Empty Eppendorf tube weight was measured. The measurement for each tube was calculated after averaging three consecutive weights. A hole in the stopper of each tube was created by placing a hot instrument and the tooth to be instrumented was forced into the stopper up to the level of cementoenamel junction and was secured to prevent the leakage of coronal extruded debris and irrigant.[19] An Eppendorf tube along with the tooth was placed in a glass vial. The operator view was shielded from seeing the root apex during the instrumentation procedure by a dental dam. A needle was placed alongside the stoppers to balance the internal and external air pressures.[20]

Myers and Montgomery's method of debris collection was used to evaluate the debris extruded during the cleaning and shaping of root canals. This collection method contains a glass vial with a stopper. The stopper has a hole through which the tooth to be instrumented is secured and to equalize internal and external pressure, a 25 gauge needle is placed into the stopper. This glass vial collects the extruded debris which is again placed in a glass flask. Two important things that are to be remembered are, first the assembly should be secured to prevent any movement. Second, a shield with a rubber dam should be formed around the flask so that the operator performing the procedure is not able to see the root, he or she is working on. The methodology also includes weighing the collecting tubes before and after instrumentation with precise microbalance and calculating the net weight difference.[4]

Group A: WaveOne

A large WaveOne file (WO, 40/.08, Dentsply Maillefer) was used in a WaveOne electric motor (Dentsply Maillefer) in reciprocating, slow in-and-out pecking motion according to manufacturer's instructions. After the use of 3–4 pecks up and down movement, the file was withdrawn from the canal; flutes of the file are cleaned with moist gauze and inspected before re-insertion. After every 3 pecks, the canal is irrigated with distilled water and an aspirator is used to suction overflowed irrigating solution from the tooth crown. Once the instrument negotiated the full WL and reciprocated freely the file, and the tooth from the stoppers of the Eppendorf tube was removed.

Group B: ProTaper next

In this group, the PTN file system was used using an endomotor to prepare canals according to the manufacturer's guidelines for sequence. After every use of the instrument, the canal was rinsed with distilled water along with aspiration for suction of flowing irrigating solution where #10 K file was used to confirm canal patency. This procedure was continued until the X1 file reached the WL. The same procedure was performed with X2, X3, and X4 files.[19]
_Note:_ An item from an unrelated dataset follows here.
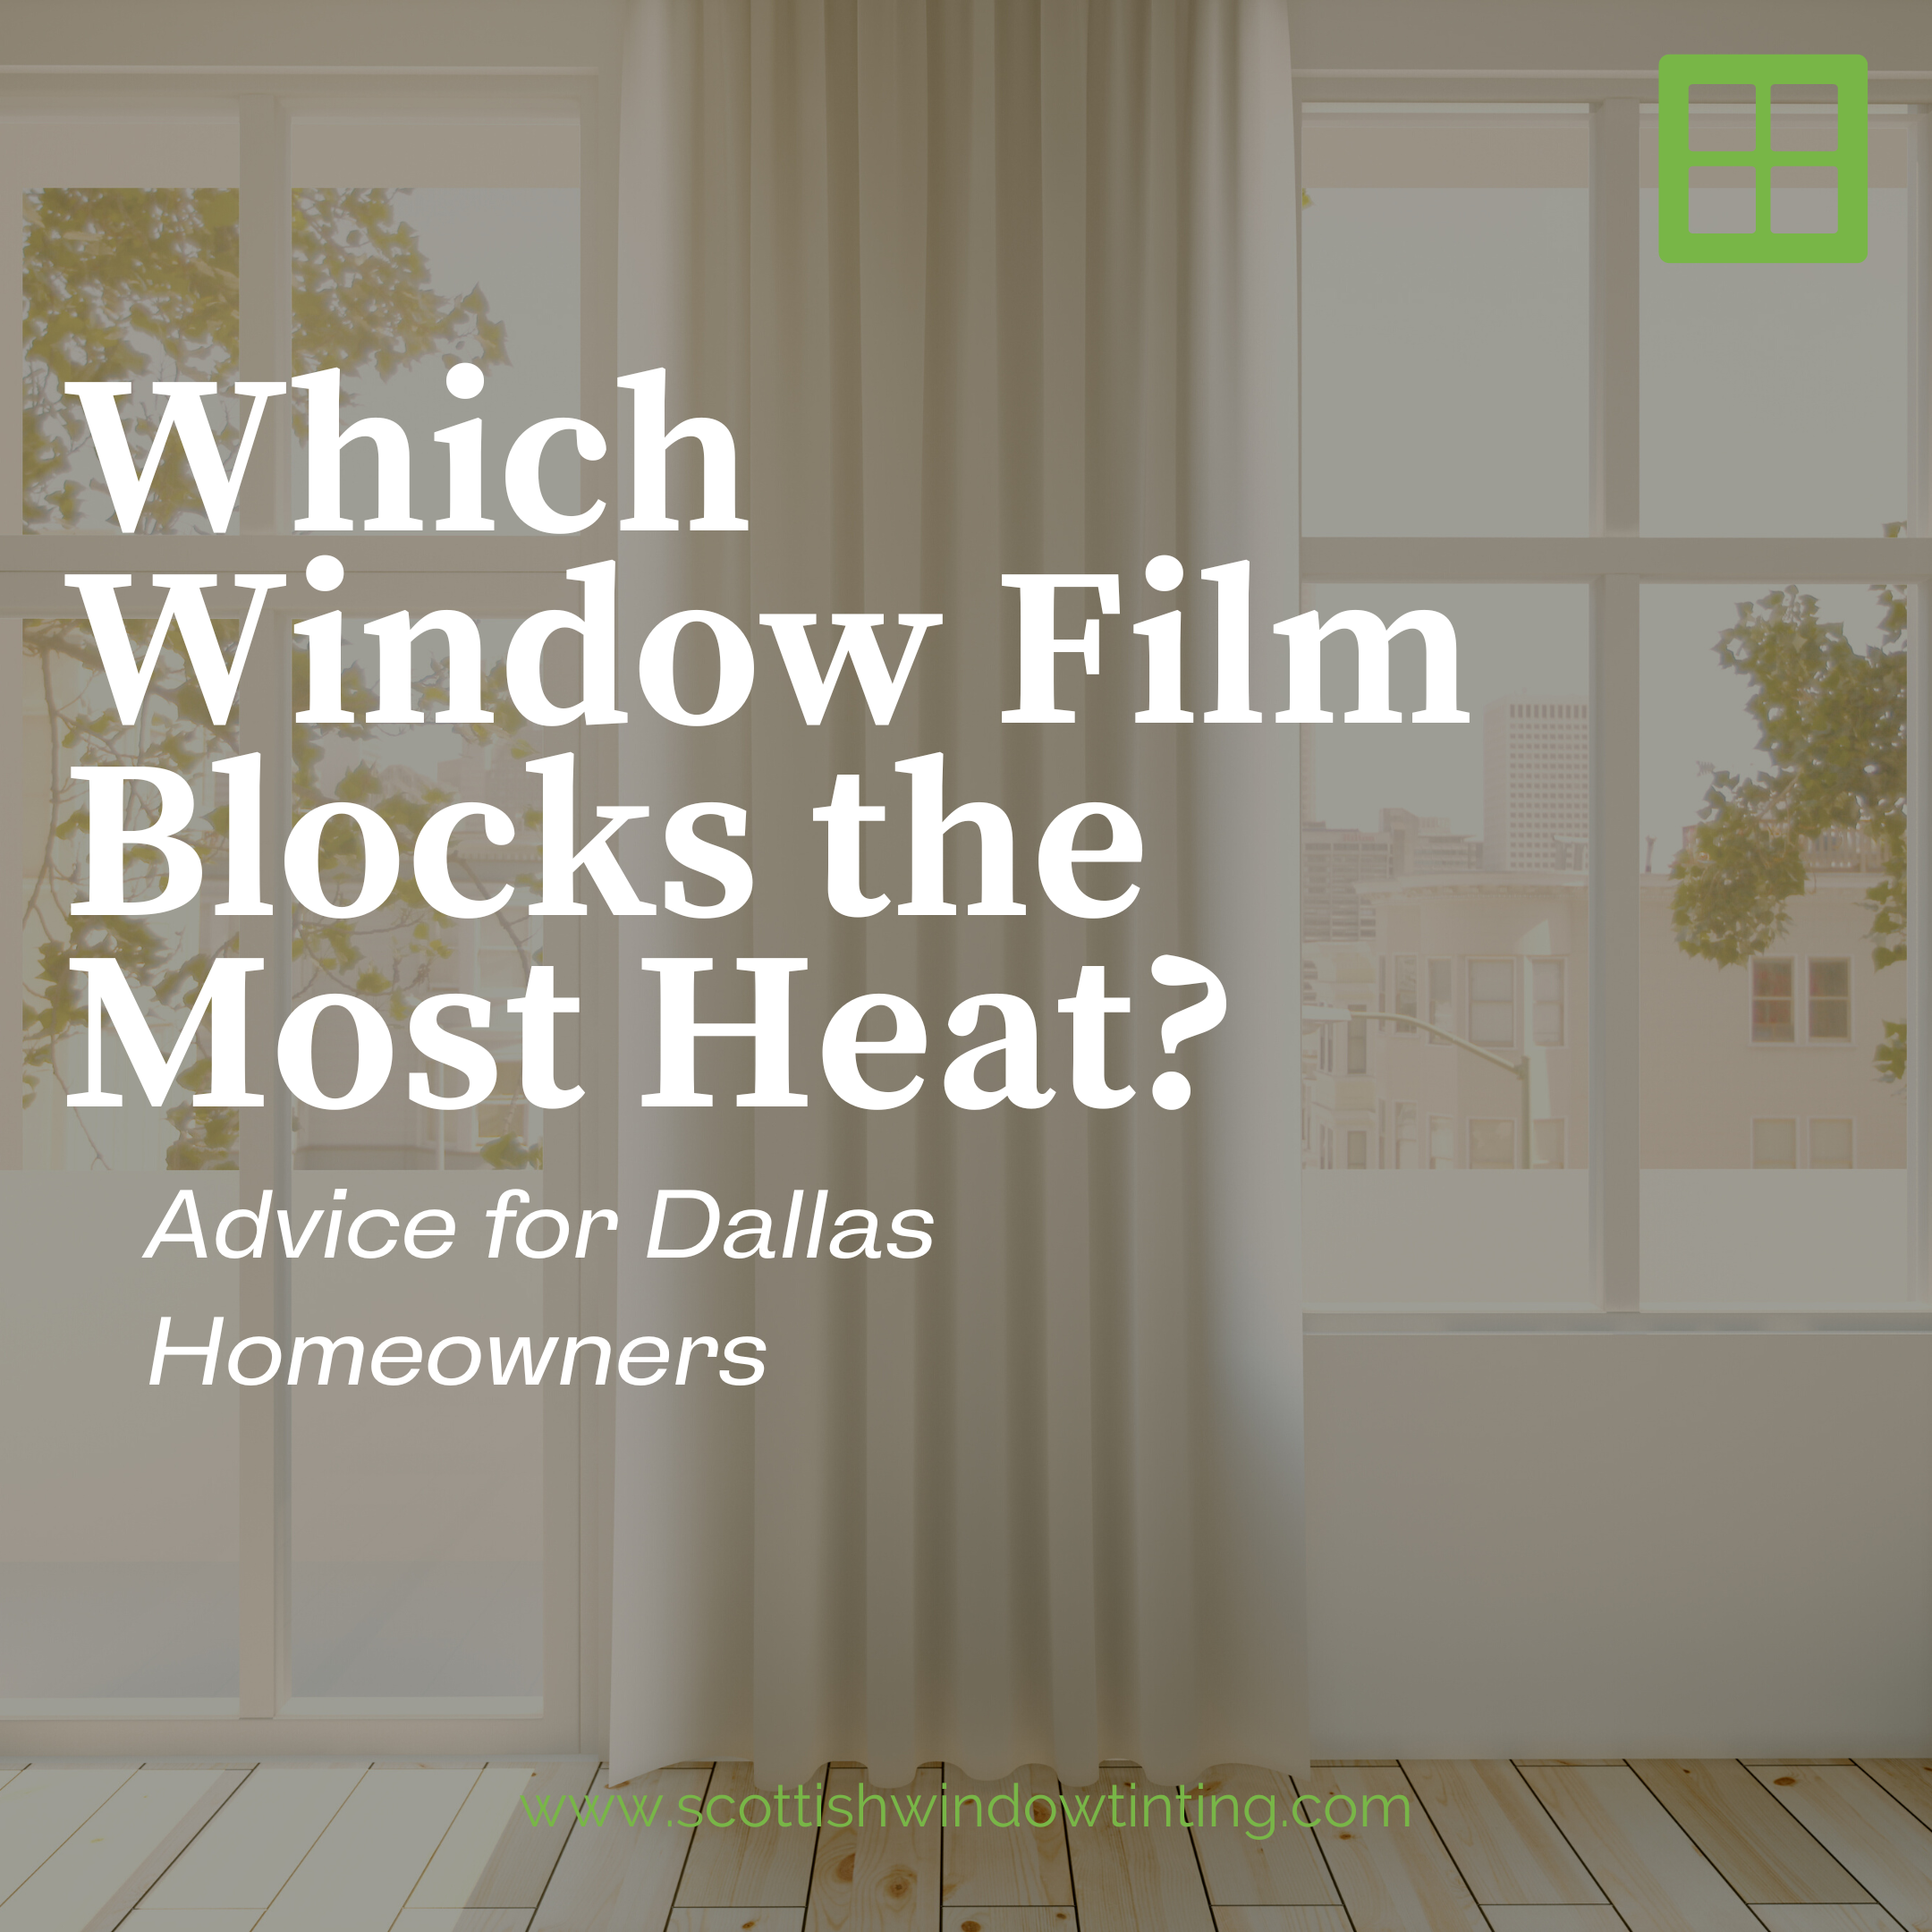 Which Window Film Blocks the Most Heat? Advice for Dallas Homeowners

Group C: Hand file Crown-Down technique

Coronal enlargement was performed with #2, #3, #4 gates glidden (GG) drills. Canal preparation was commenced with the #55 K file till the middle third of the canal. As resistance for #55 was felt, the next smaller sized instrument #50, followed by #45 and #40 were inserted to the measured endodontic WL. After every use of the instrument, the canal was rinsed with distilled water along with aspiration for suction of flowing irrigating solution where #10 K file was used to confirm canal patency. Thus, the apical preparation was completed with the #40 K file.[21]
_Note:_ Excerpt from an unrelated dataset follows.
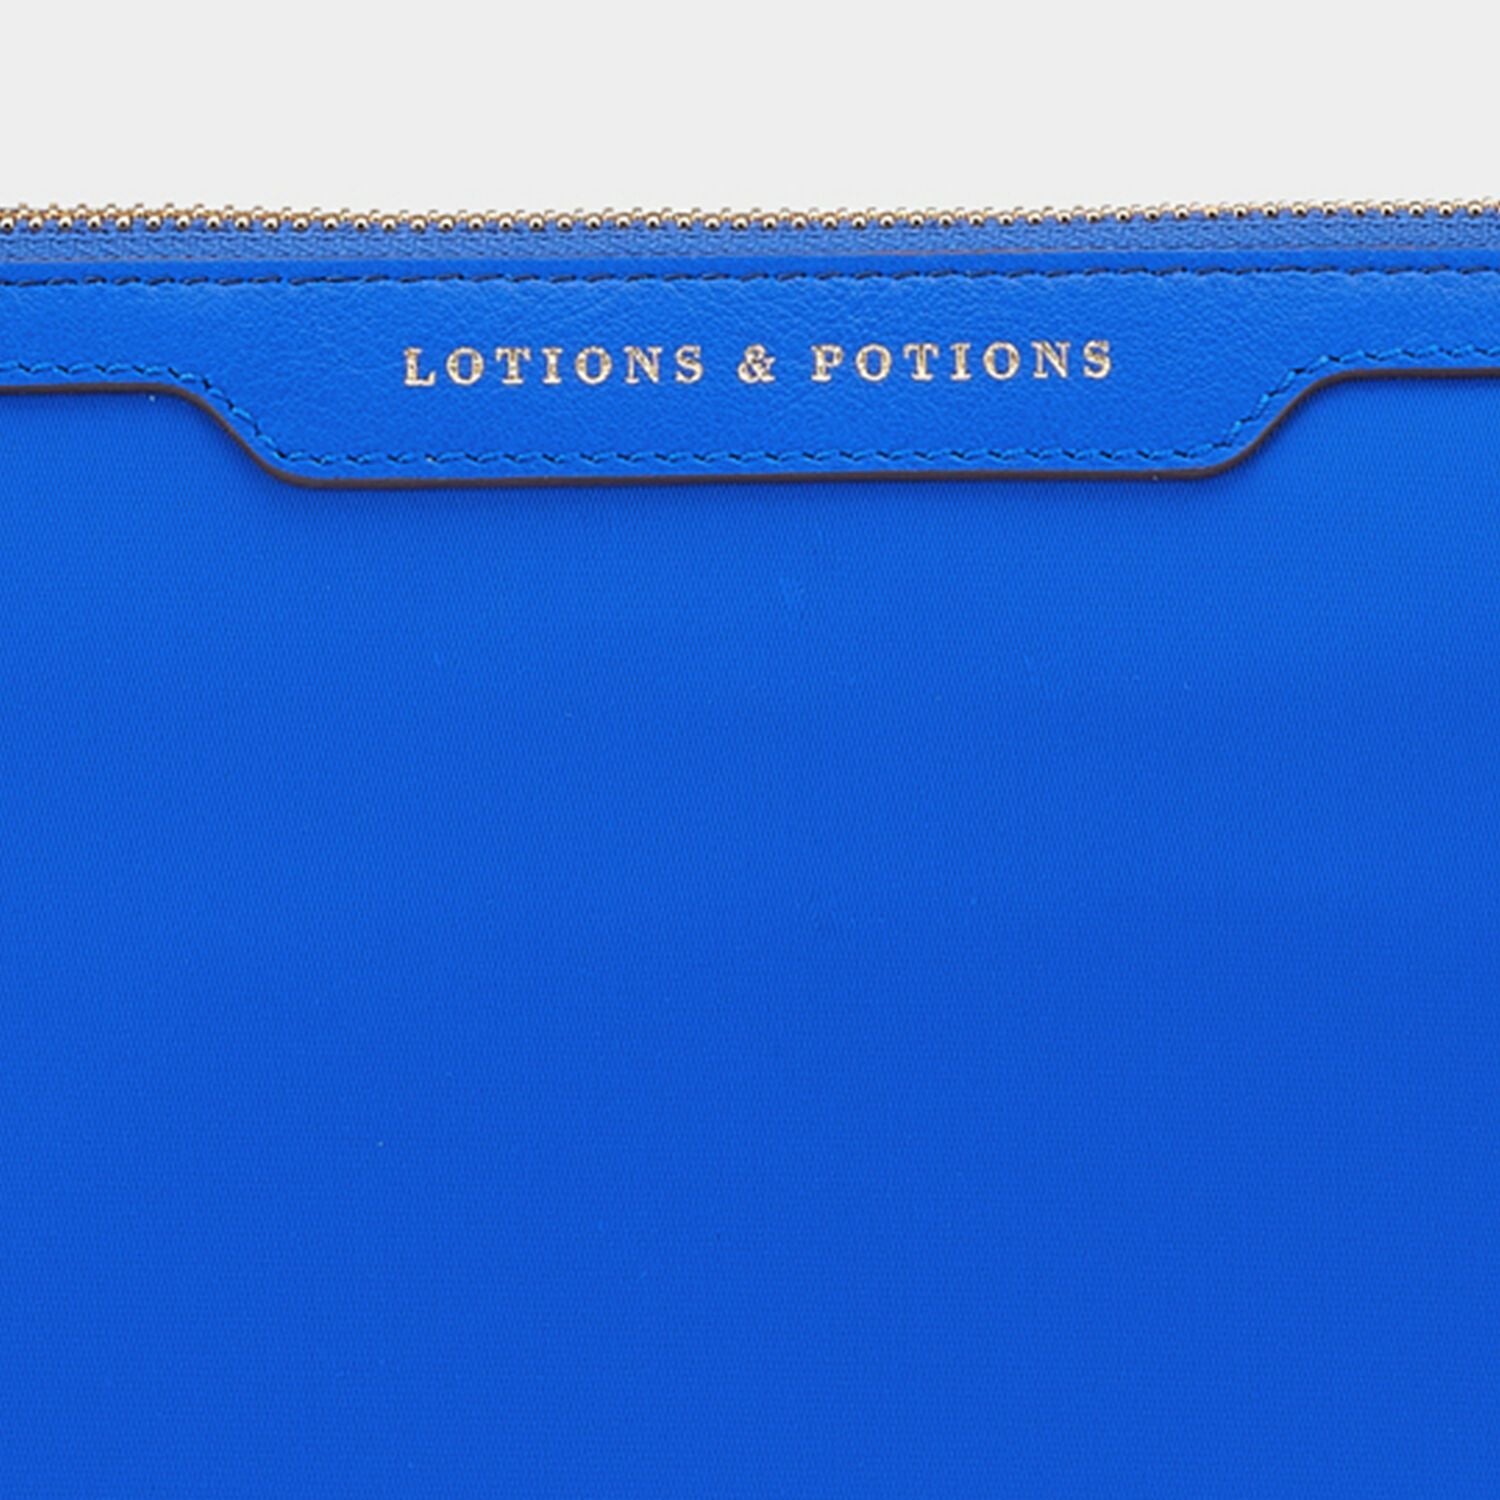 「Lotions and Potions」ポーチ

Group D: Hand file Step-Back technique

Step-Back preparation was carried out according to Mullaney as Phase I, Phase II (Phase IIA, Phase IIB). The instrument was advanced in watch winding motion and continued until the file was loose in the position followed by the next larger #15 K file in the same manner. Each file was used in push-pull motion with apical enlargement up to #40/0.02. After instrumentation with each file, the canal was rinsed with distilled water along with aspiration for suction of flowing irrigating solution where #10 K file was used to confirm canal patency. Then, for Step-Back preparation; the #45 K file was set 1 mm short of WL. The progressive filing from #45 K file to 55 K file each at a length 1 mm shorter than the previous file. A GG drill starting with smaller size #2 was gradually increased to #3, #4 extended to mid area of the canal, as the beginning of phase II A. Phase II B-returned to #40 H file to smooth all around the walls was used in vertical push-pull strokes.[21]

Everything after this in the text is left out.